Il Sole 24 Ore lo ha incontrato durante la sua visita a Roma, un’occasione di confronto con le organizzazioni agricole e i parlamentari.
L’ultima riforma della politica agricola comune non ha centrato l’obiettivo della semplificazione. Nel 2016 la Commissione riprenderà in mano il dossier?
Gli obiettivi della nuova Pac sono tanti, tutela dei redditi degli agricoltori, misure ambientali per il bene pubblico, garanzie dell’approvvigionamento del cibo, ma anche creazione di nuovi posti di lavoro nelle aree rurali. Una politica inevitabilmente complessa. Commissione e Parlamento Ue hanno discusso 8mila proposte di emendamenti. Ora affronteremo la semplificazione delle misure per ottenere i maggiori benefici.
Impegni precisi?
Intanto la riduzione del numero delle regole per il food ,da 200 a 50 e la revisione del greening. È in programma un focus ecologico, perché vogliamo capire se si stanno raggiungendo gli obiettivi ambientali. Il processo di semplificazione è una opportunità per verificare i progressi dell’attuazione della Pac. Nel 2016 ci saranno ulteriori emendamenti che faranno parte della revisione prevista per il 2017.

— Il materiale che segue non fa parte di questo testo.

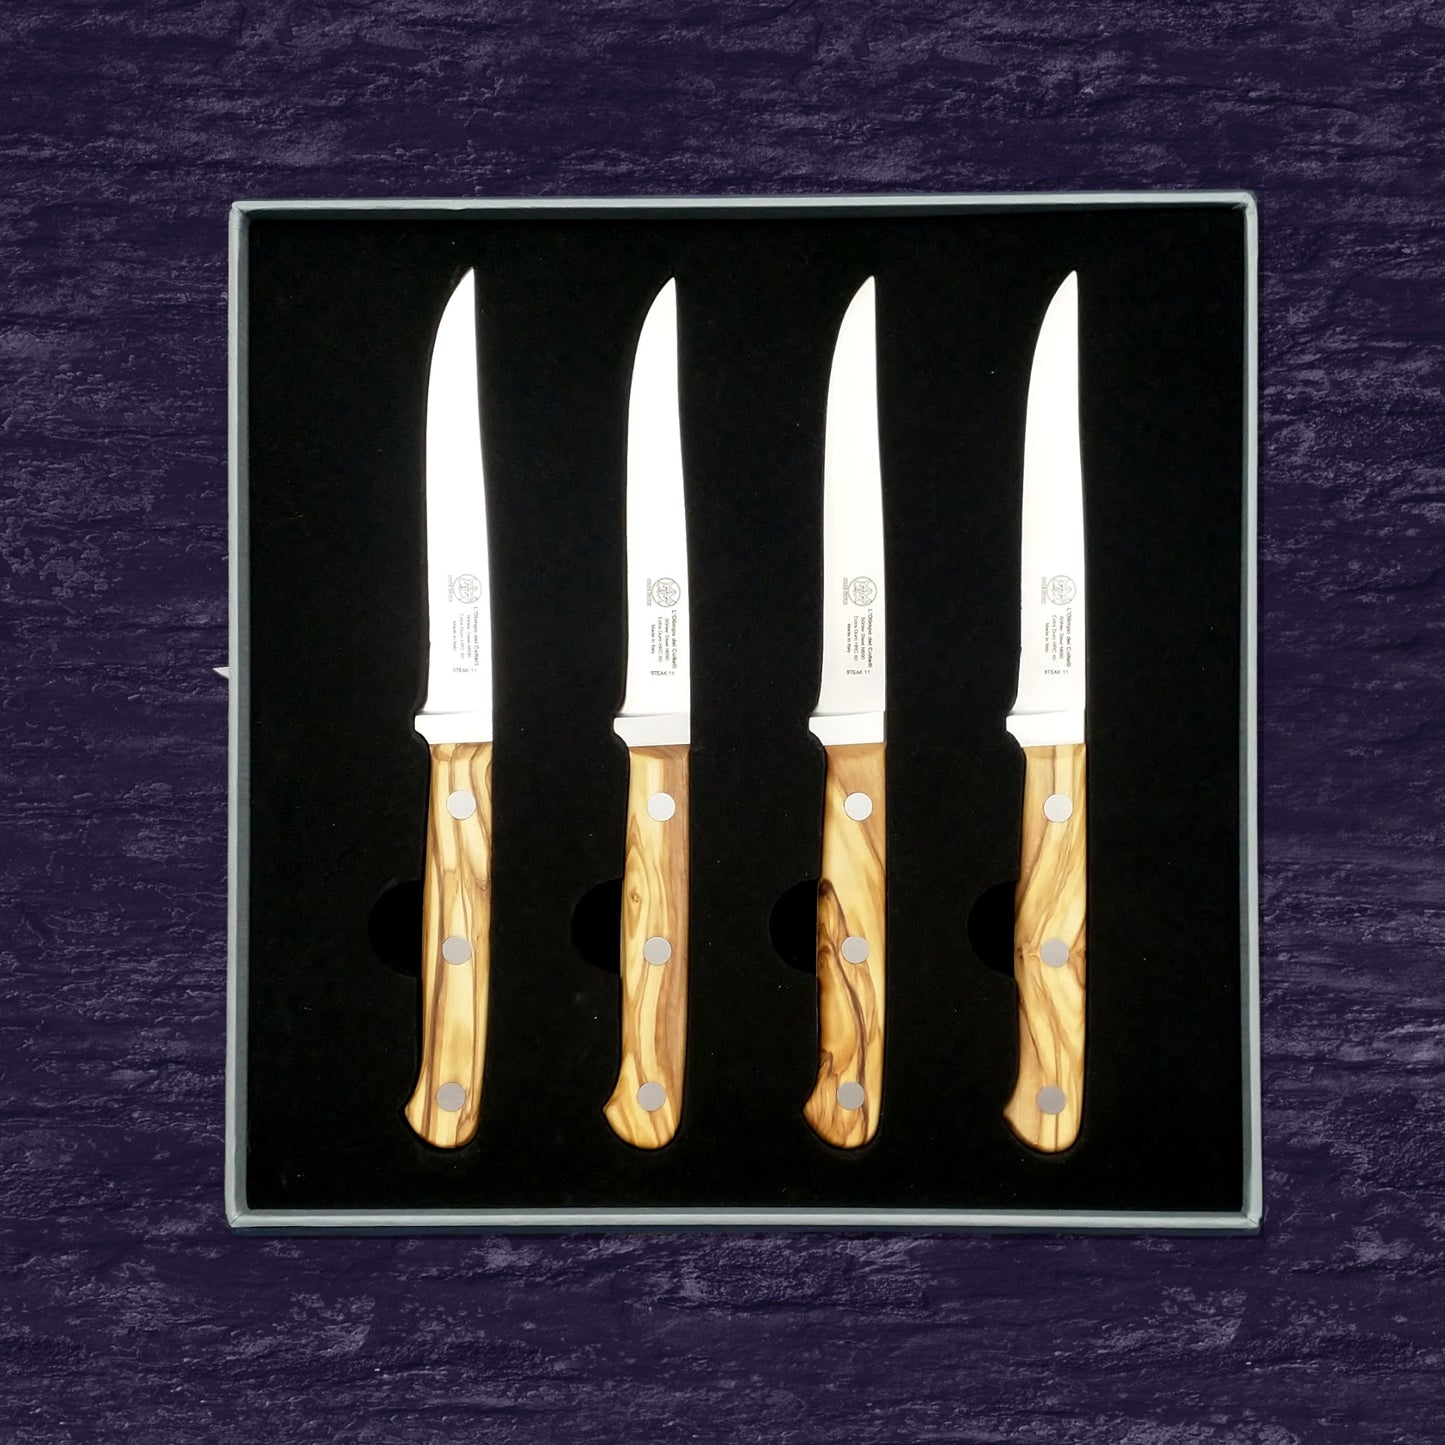 
                  
                    Set of Four Steak Knives - Plain Edge Blade 4.33” - Böhler n690 Stainless Steel - Hrc 60 - Olive Wood Handle

Anche lo Sviluppo rurale, secondo pilastro della Politica agricola è in affanno.
Il programma di sviluppo rurale, con 20 miliardi di spesa pubblica per l’Italia, è frutto di un accordo quadro con la Commissione del 2014. Sei piani delle regioni italiane sono stati già approvati, e l’iter per tutti si dovrebbe concludere a settembre. L’Italia ha concentrato i piani su un numero limitato di priorità, ma si tratta comunque di un sistema oneroso e complesso. La Commissione ha dato massima flessibilità per offrire sostegni ai produttori delle aree rurali.
Mandato in pensione il regime delle quote, il latte europeo non riesce a trovare un equilibrio economico. Sono allo studio nuove misure?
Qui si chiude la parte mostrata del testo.